7.4 Obligations Unconditional. For so long as this Agreement is in full force and effect, all rights, interests, agreements and obligations of First Lien Agent and First Lien Claimholders and Second Lien Agent and Second Lien Claimholders, respectively, hereunder shall remain in full force and effect irrespective of:
(a) any lack of validity or enforceability of any First Lien Loan Documents or any Second Lien Documents;
(b) except as otherwise expressly restricted in this Agreement, any change in the time, manner, or place of payment of, or in any other terms of, all or any of the First Lien Obligations or Second Lien Obligations, or any amendment or waiver or other modification, including any increase in the amount thereof, whether by course of conduct or otherwise, of the terms of any First Lien Loan Document or any Second Lien Document;
(c) except as otherwise expressly restricted in this Agreement, any exchange of any security interest in any Collateral or any other collateral, or any amendment, waiver or other modification, whether in writing or by course of conduct or otherwise, of all or any of the First Lien Obligations or Second Lien Obligations or any guarantee thereof;
(d) the commencement of any Insolvency Proceeding in respect of any Grantor; or
(e) any other circumstances which otherwise might constitute a defense available to, or a discharge of, any Grantor in respect of First Lien Agent, the First Lien Obligations, any First Lien Claimholder, Second Lien Agent, the Second Lien Obligations or any Second Lien Claimholder in respect of this Agreement.

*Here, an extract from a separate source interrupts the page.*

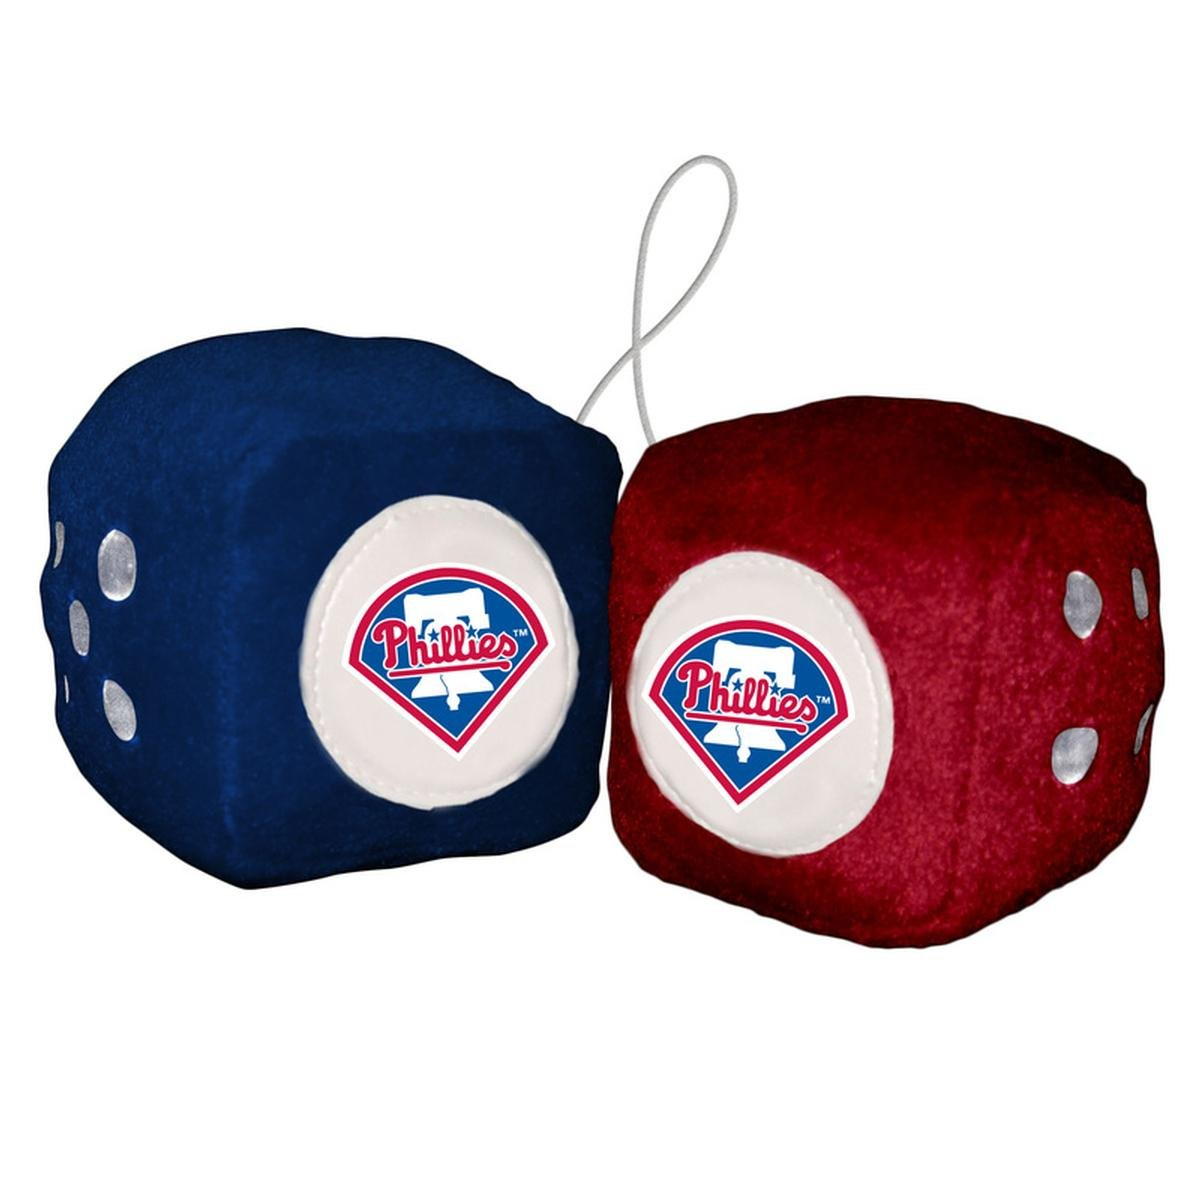 人気が高い MLB Philadelphia MLB Phillies Phillies PlushチームFuzzy Dice、ブルー B00162AK92 B00162AK92, タツノマチ:f65b426f --- cliente.opweb0005.servidorwebfacil.com

SECTION 8. Representations and Warranties.
8.1 Representations and Warranties of Each Party. Each party hereto represents and warrants for itself and in its representative capacity to the other parties hereto as follows:
(a) Such party is duly organized, validly existing and in good standing under the laws of the jurisdiction of its organization and has all requisite power and authority to execute and deliver this Agreement for itself and in its representative capacity and to perform its obligations hereunder.
(b) This Agreement has been duly executed and delivered by such party and constitutes a legal, valid and binding obligation of such party, enforceable in accordance with its terms.
(c) The execution, delivery, and performance by such party of this Agreement (i) do not require any consent or approval of, registration or filing with or any other action by any Governmental Authority and (ii) will not violate any provision of law, statute, rule or regulation, or of the certificate or articles of incorporation or other constitutive documents or by-laws of such party or any order of any Governmental Authority or any provision of any indenture, agreement or other instrument binding upon such party.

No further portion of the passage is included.